Watercourse quality can be consulted on a dedicated website managed by the water agencies and the French Agency for Biodiversity.
==Urban planning==
===Typology===
As of January 1, 2024, Malmerspach is categorized as a small town, according to the new seven-level municipal density scale defined by INSEE in 2022. It belongs to the Saint-Amarin urban unit, an intra-departmental agglomeration comprising nine communes, of which it is a suburban commune. Furthermore, the commune is part of the Mulhouse catchment area, of which it is a peripheral municipality. This area, which includes 132 municipalities, is categorized as having a population between 200,000 and 700,000.
===Land use===
Land cover in the commune, as shown in the European biophysical land cover database Corine Land Cover (CLC), is characterized by the significant presence of forests and semi-natural areas (81.6% in 2018), a proportion identical to that of 1990 (81.6%).
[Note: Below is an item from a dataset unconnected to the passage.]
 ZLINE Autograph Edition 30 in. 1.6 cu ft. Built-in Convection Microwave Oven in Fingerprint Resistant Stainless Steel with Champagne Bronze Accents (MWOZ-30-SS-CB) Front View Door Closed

The detailed breakdown in 2018 is as follows: forests (81.6%), industrial or commercial areas and communication networks (13.4%), heterogeneous agricultural areas (3%), and urbanized areas (2.1%). The evolution of land cover in the commune and its infrastructure can be observed on various maps of the territory: the Cassini map (18th century), the General Staff map (1820-1866), and IGN maps or aerial photographs for the current period (1950 to the present).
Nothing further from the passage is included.